Below, you'll find information for a bass tournament on April 11th at Lake Oconee.  The tournament is a fund raiser for Bay Creek Elementary School's Archery Team in Loganville.  The Bay Creek Archery Team won state this year and has made it to the national competition in Louisville,KY on May 8th and 9th.  These 24 elementary school students are extremely excited about the competition, but need help funding the trip.  If you are interested in the bass tournament, please follow the directions on the flyer.

And, if you know anyone who may not see this post and may be interested in the tournament, please let them know.

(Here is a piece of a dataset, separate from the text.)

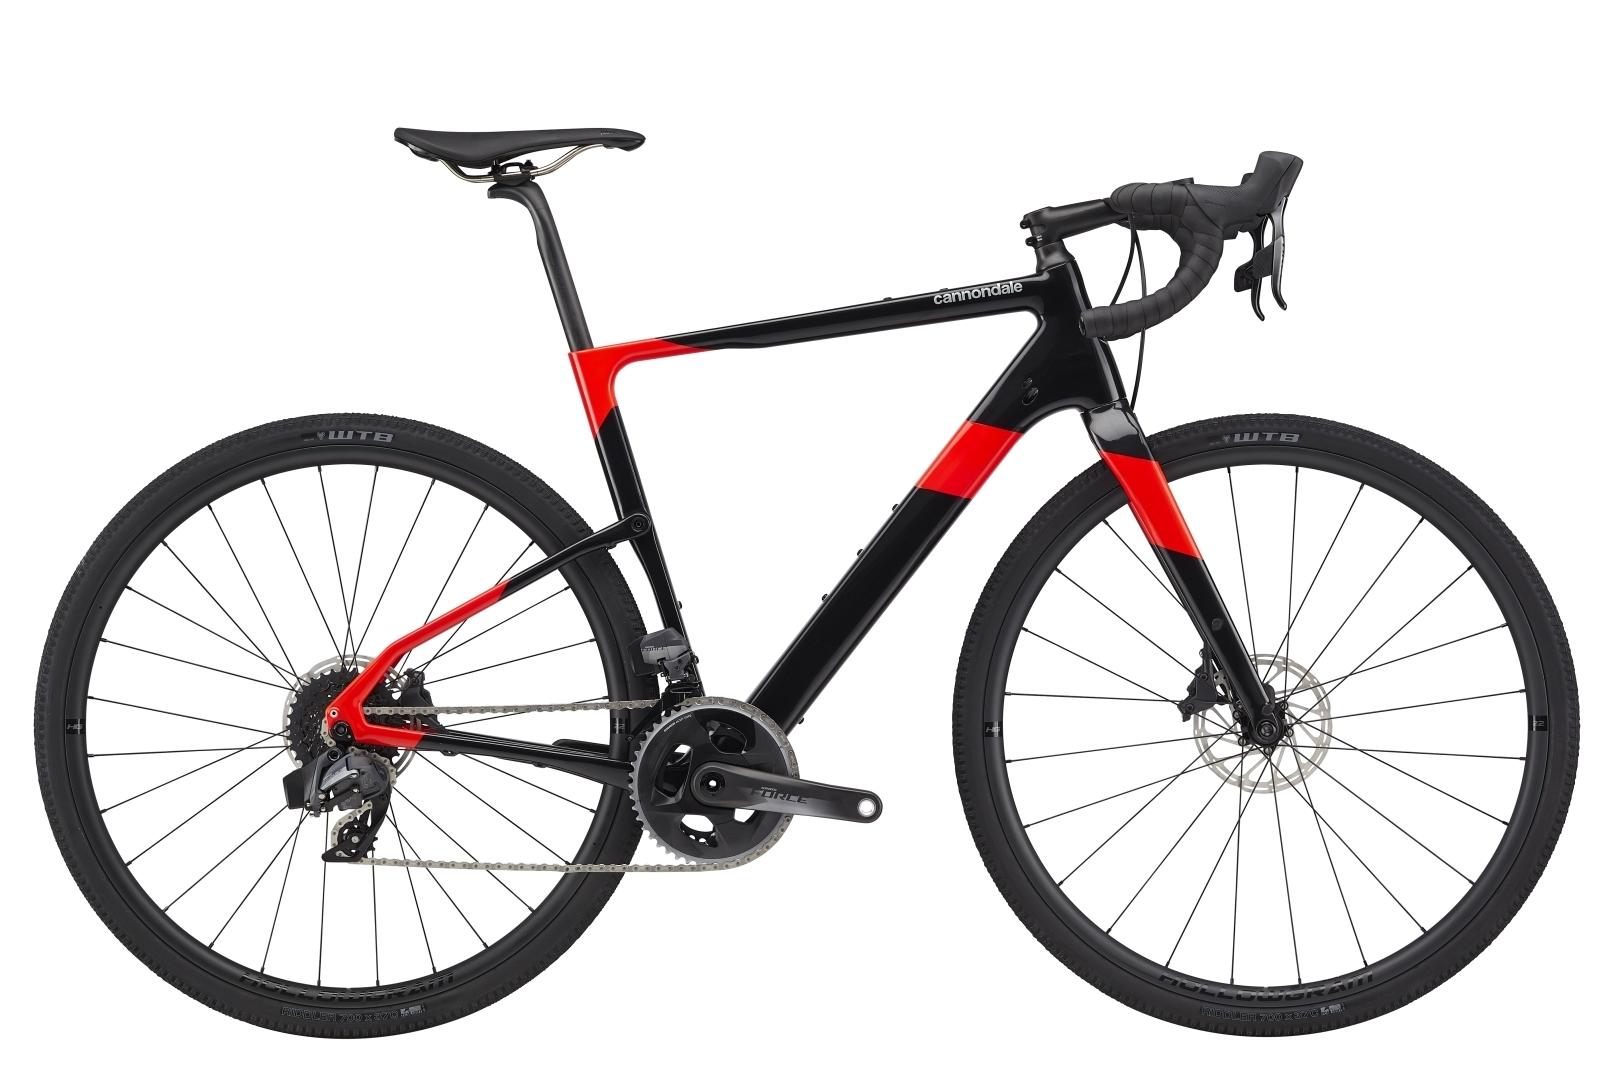 Cannondale Topstone Carbon Force eTAP gravel kerékpár - fekete - XL (2020)

Thank you for any support.

The information from the flyer is below:

*The proceeds from this tournament will be used to help send the 24 members of the Bay Creek Elementary School Archery Team to the NASP National Tournament in Louisville, Kentucky in May, 2009.  The team recently took 1st place at the NASP Georgia State Tournament in the elementary division and is looking forward to attending the Nationals.   

When: April 11, 2009
Where: Sugar Creek Marina on Lake Oconee
Time: Safe Light-3:00pm
Entry Fee: $100 per boat, $10 big fish pot (optional)
75% payback, 1 in 7 payout
Register at ramp, no pre-register
Cash only please
Contact Bobby Hyde for more info: 404-392-8354
1.	 Both competitors are required to wear fastened coast guard approved life vest anytime the combustion engine is running.
2.	Five fish limit.  Culling must begin once the sixth fish is caught.  Fish must be 14 inches.  All State and Federal rules and regulations must be adhered to.
3.	Tournament director decisions are final.*​


----------



## bigbass07 (Apr 2, 2009)

should have a pretty good turn out if its not snowing,seen mondays forcast. crazy aint it. the bass dont are gonna go crazy trying to spawn this year.


----------



## cuz1220 (Apr 8, 2009)

bump


----------